Sturgeon has repeatedly vacillated over calling another independence vote. After the 2014 defeat, she said that a “material change in circumstances” would trigger a new referendum. That change took place when Scotland voted against Brexit and again when the Tories were elected with a big majority and Scotland returned 47 SNP MP’s out of 58 Scottish seats. No plan for a referendum was forthcoming. Not surprisingly, SNP members and voters became restless. Prior to the pandemic, organisations like All Under One Banner and Yes groups took up the challenge to mobilise the grassroots, culminating in some of the biggest demonstrations ever seen in Scotland. This was because the SNP gave no leadership to the movement and did not even allow debate within its own ranks.
With the “material circumstances” changed, the movement wanted to see the SNP declare that the Scottish parliamentary elections in May 2021 would be seen as an effective referendum on independence. If a majority of the MSPs elected supported independence, the SNP would apply to Westminster for a new Section 30 order—effectively permission to hold a referendum. And if this Plan A was denied, as it surely will be, they would organise their own advisory referendum. The growing clamour among members of the SNP for a debate on this issue resulted in Sturgeon accepting that the election would be seen as a mandate for a referendum. However, there is no plan for the likely eventuality of Johnson saying no to a Section 30 order. Sturgeon has stuck relying on the British state to grant it. This is a fanciful strategy and many independence supporters, inside and outside the SNP, know it.

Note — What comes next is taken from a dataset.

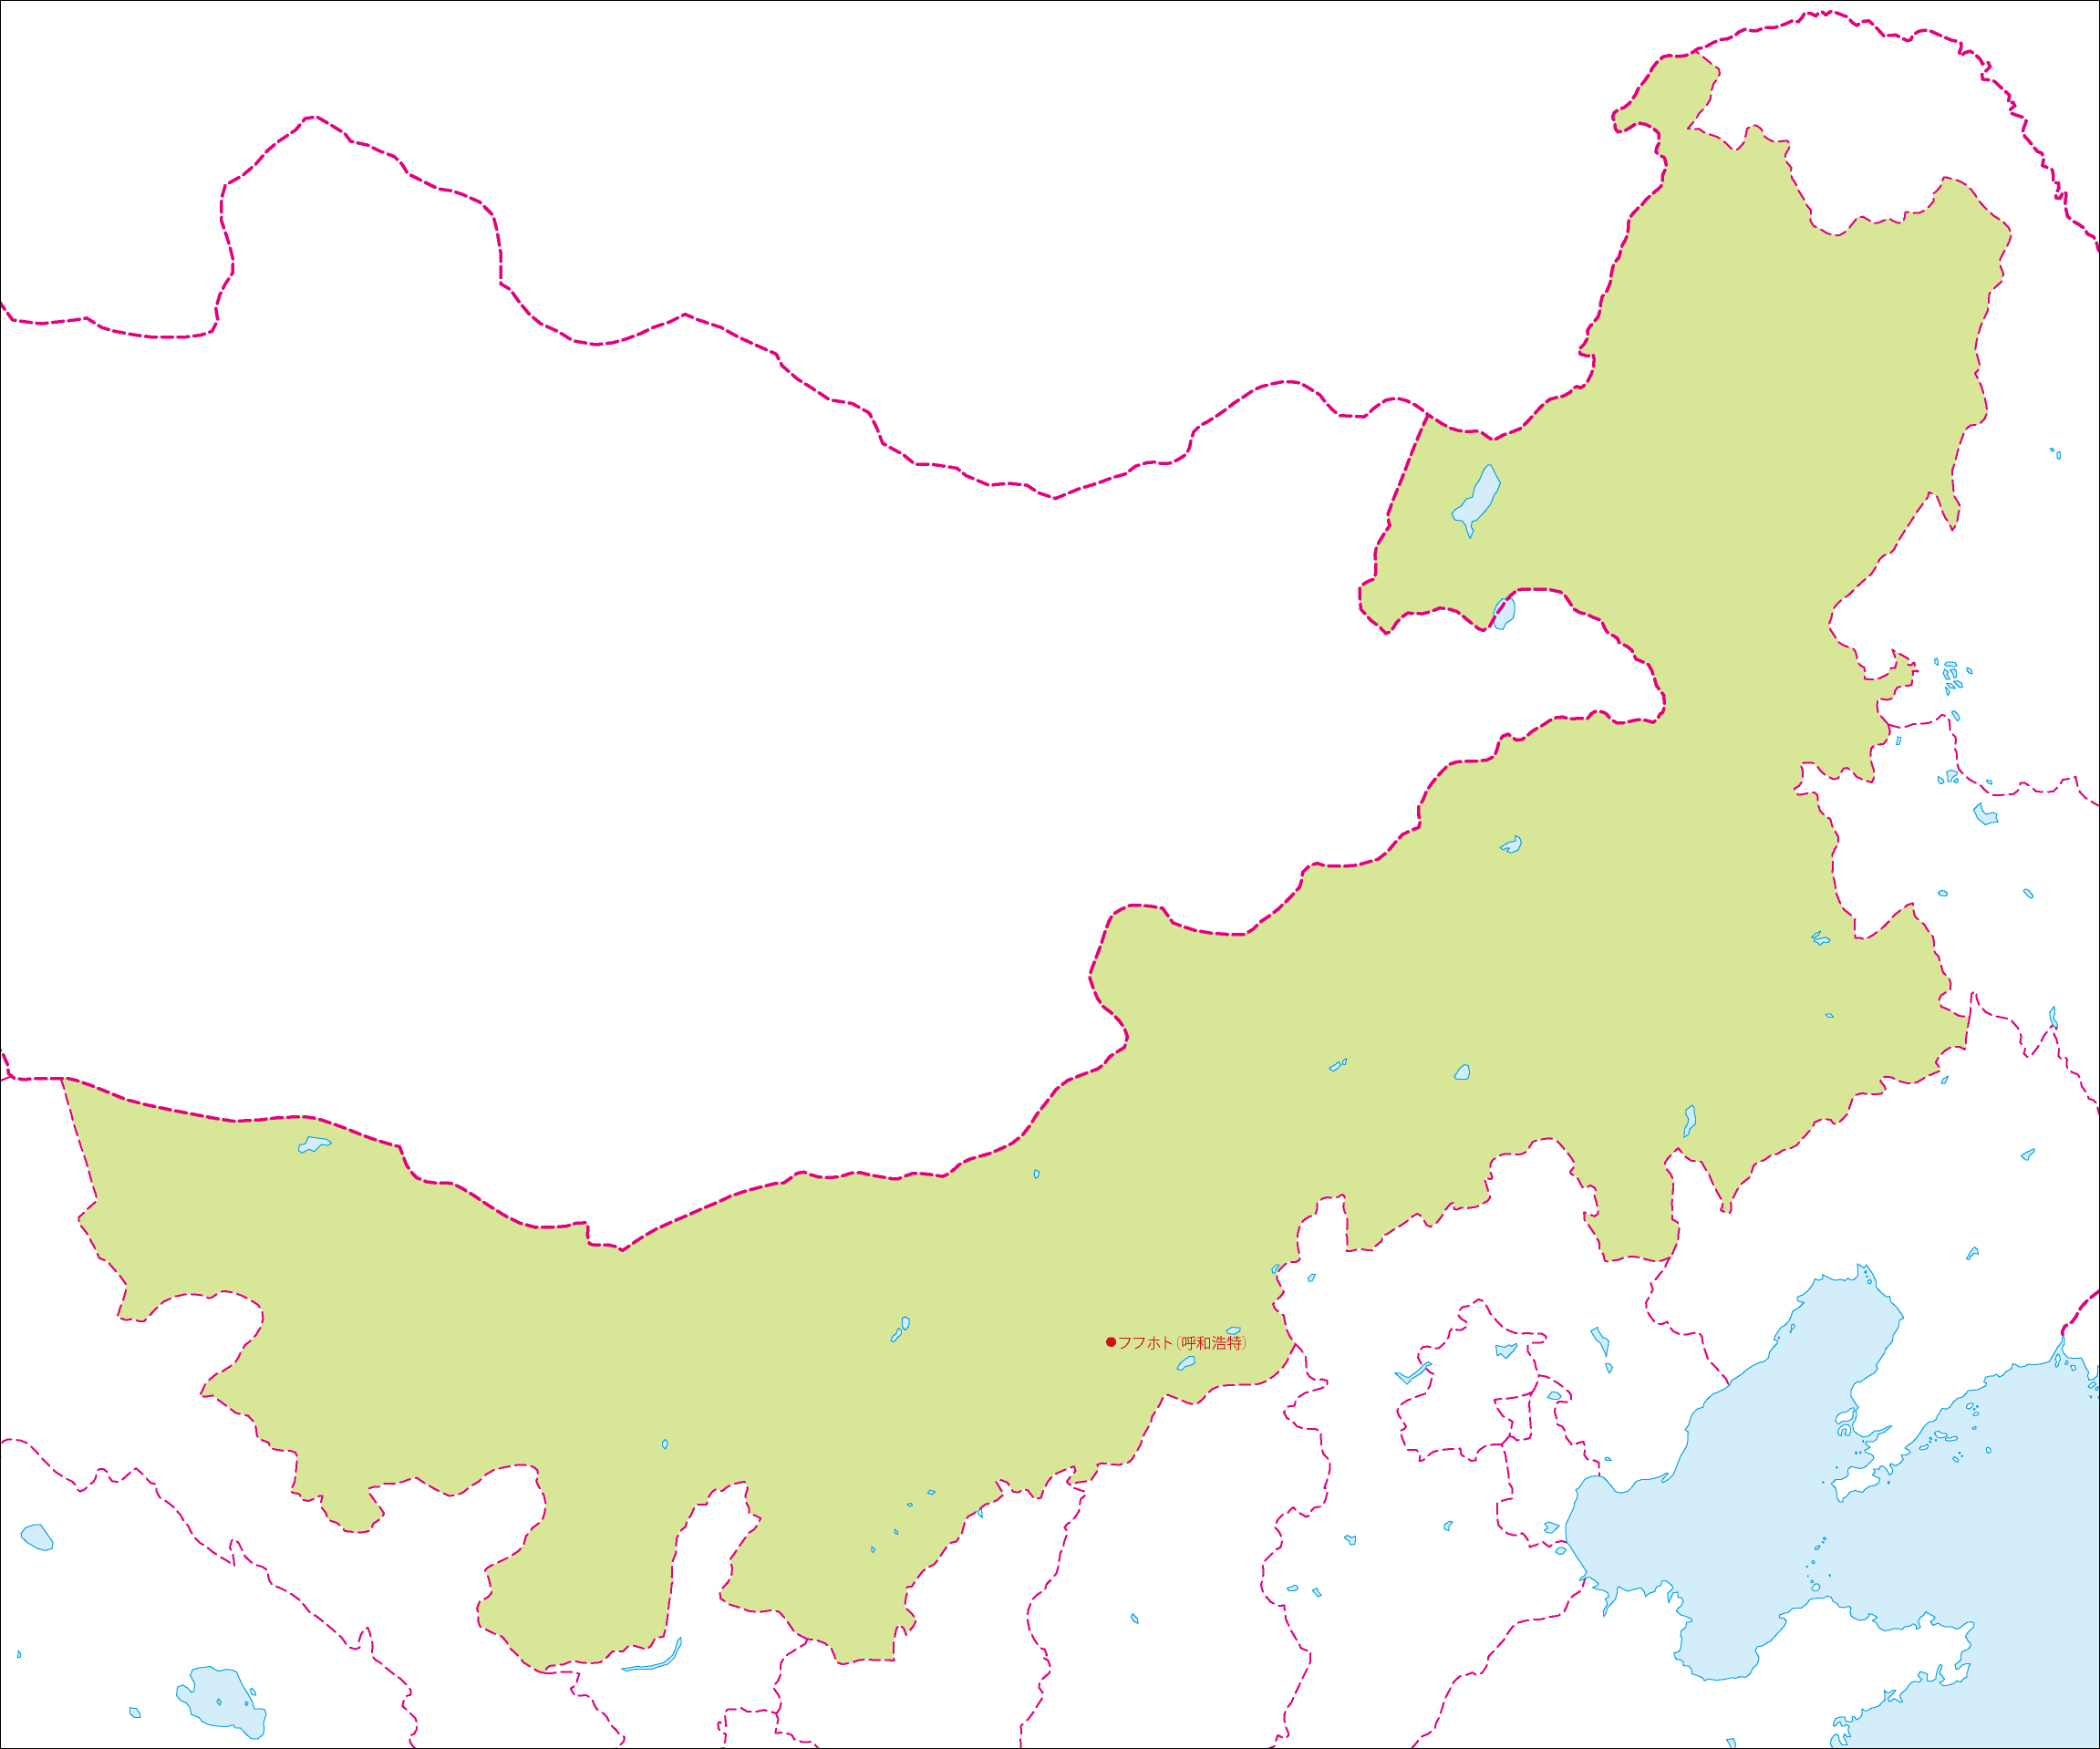 内モンゴル自治区地図(省都あり)のフリーデータの画像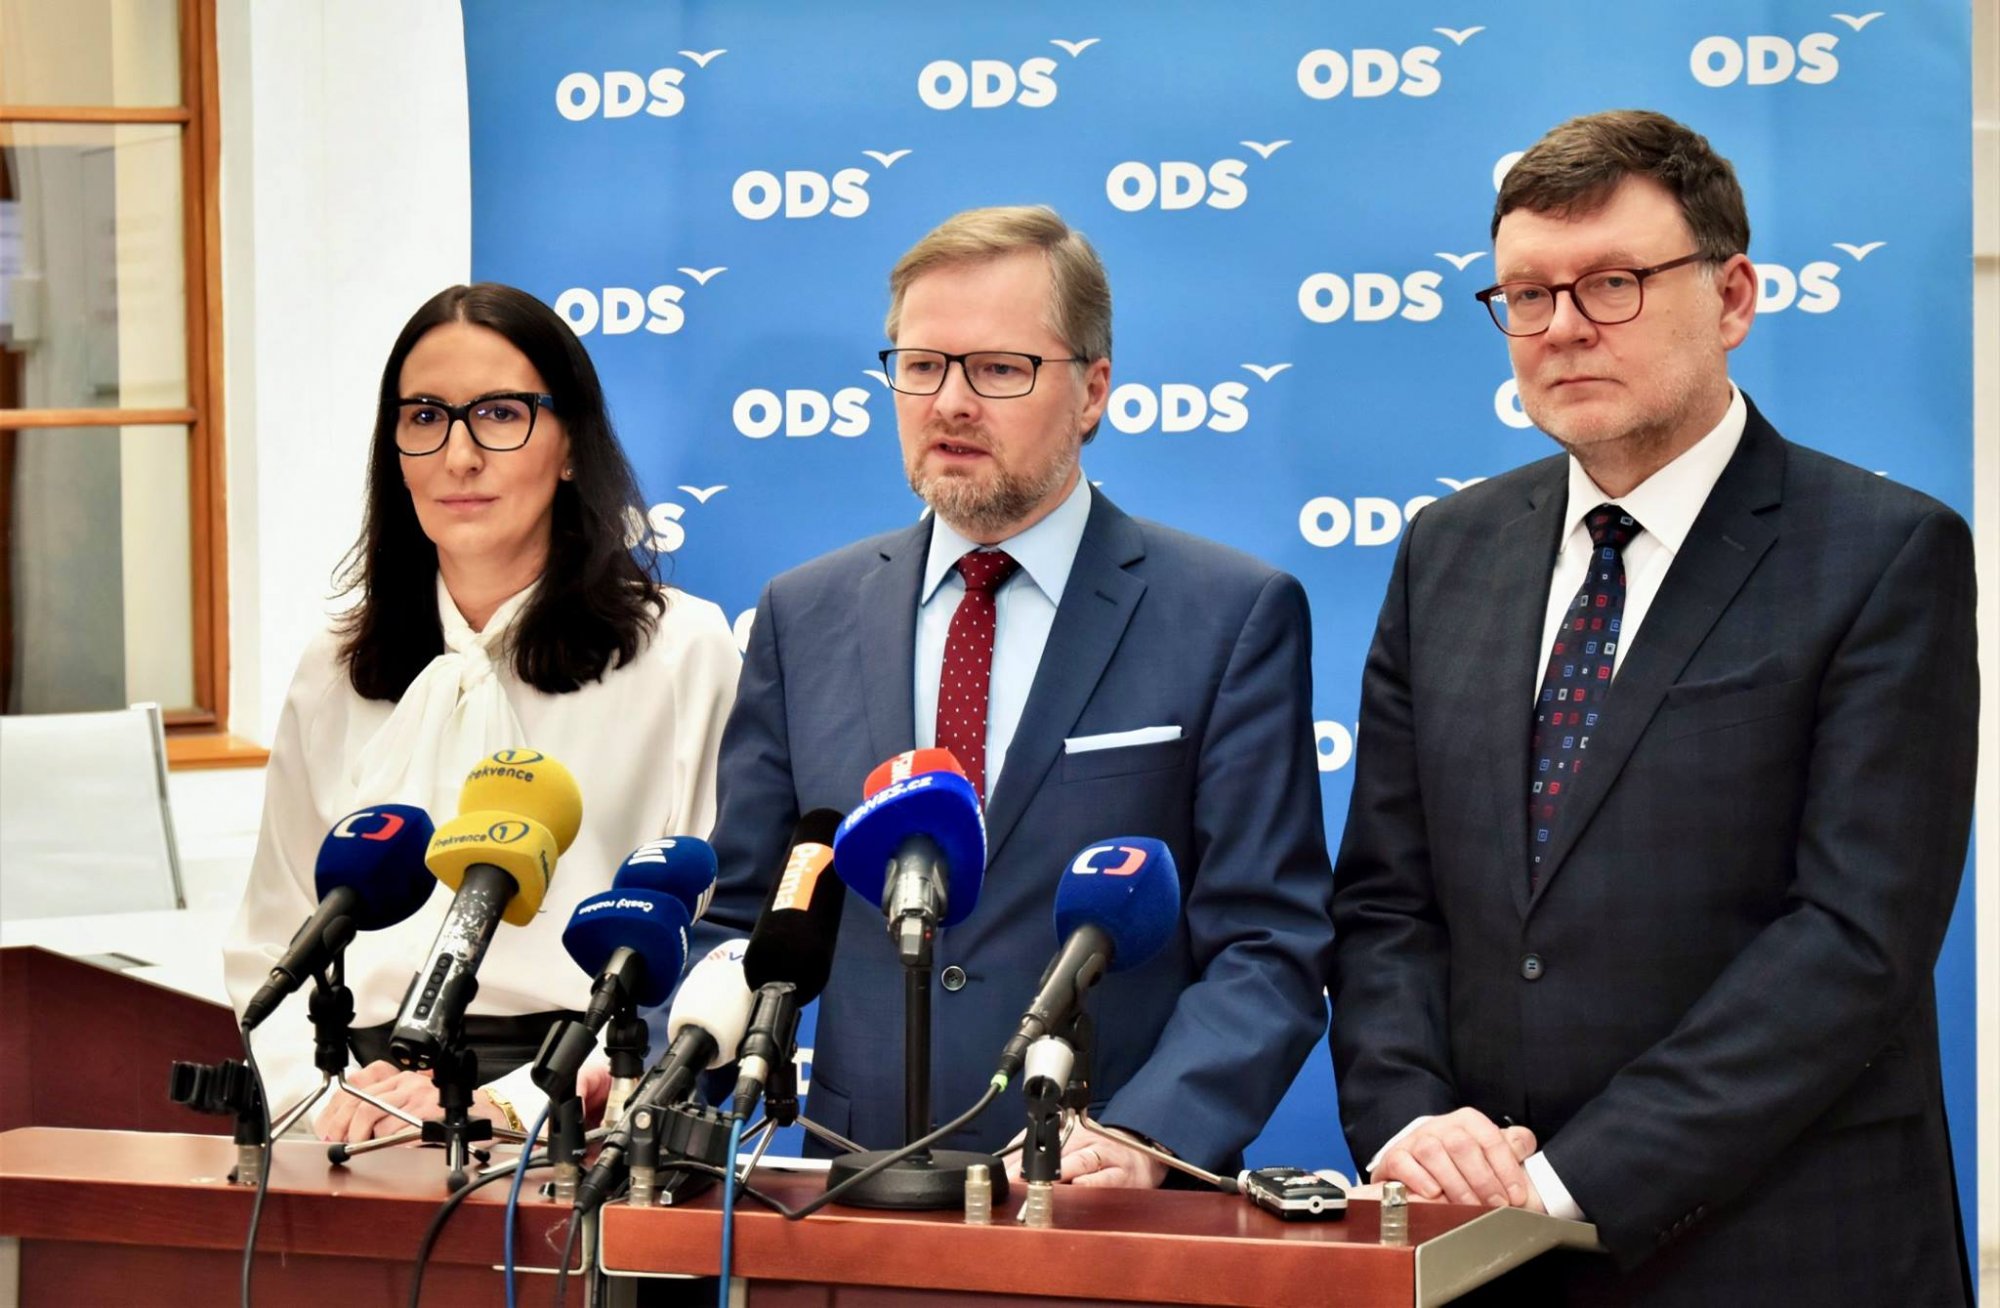 ODS: Prezident dnes jmenoval vládu, která se zapíše do dějin ČR jako první politicky polokomunistická vláda po roce 1989.

The movement needs to be prepared to confront the British state with more than a constitutional or legalistic approach. It will require a persistent effort to build a mass social movement, through mass civil disobedience, demonstrations and workers’ strikes to make Scotland ungovernable for the British state. Building mass grassroots organisations, such as NowScotland, is imperative. It can help create a social force capable of moving beyond the limits of parliamentary and electoral politics and the SNP’s narrow vision and strategy.
We are fighting for more than a Scottish capitalist state. We have a crucial role to ensure that working class interests remain central and are not relegated to adapting to the bosses’ interests, whether they lie in the City of London, the finance houses of Edinburgh or the European banks. It will take building working class struggles now—and preparing for fights after independence—to make sure that’s the case. In Scotland, there is a palpable sense that change must come—and that the opportunity for that change is now, not later.
When lockdown restrictions are lifted, this movement needs to hit the streets in full force. And until then, we need to be organising online and physically in every way possible. The challenges we face are enormous, but the prize of delivering a blow to the British ruling class is firmly within our grasp.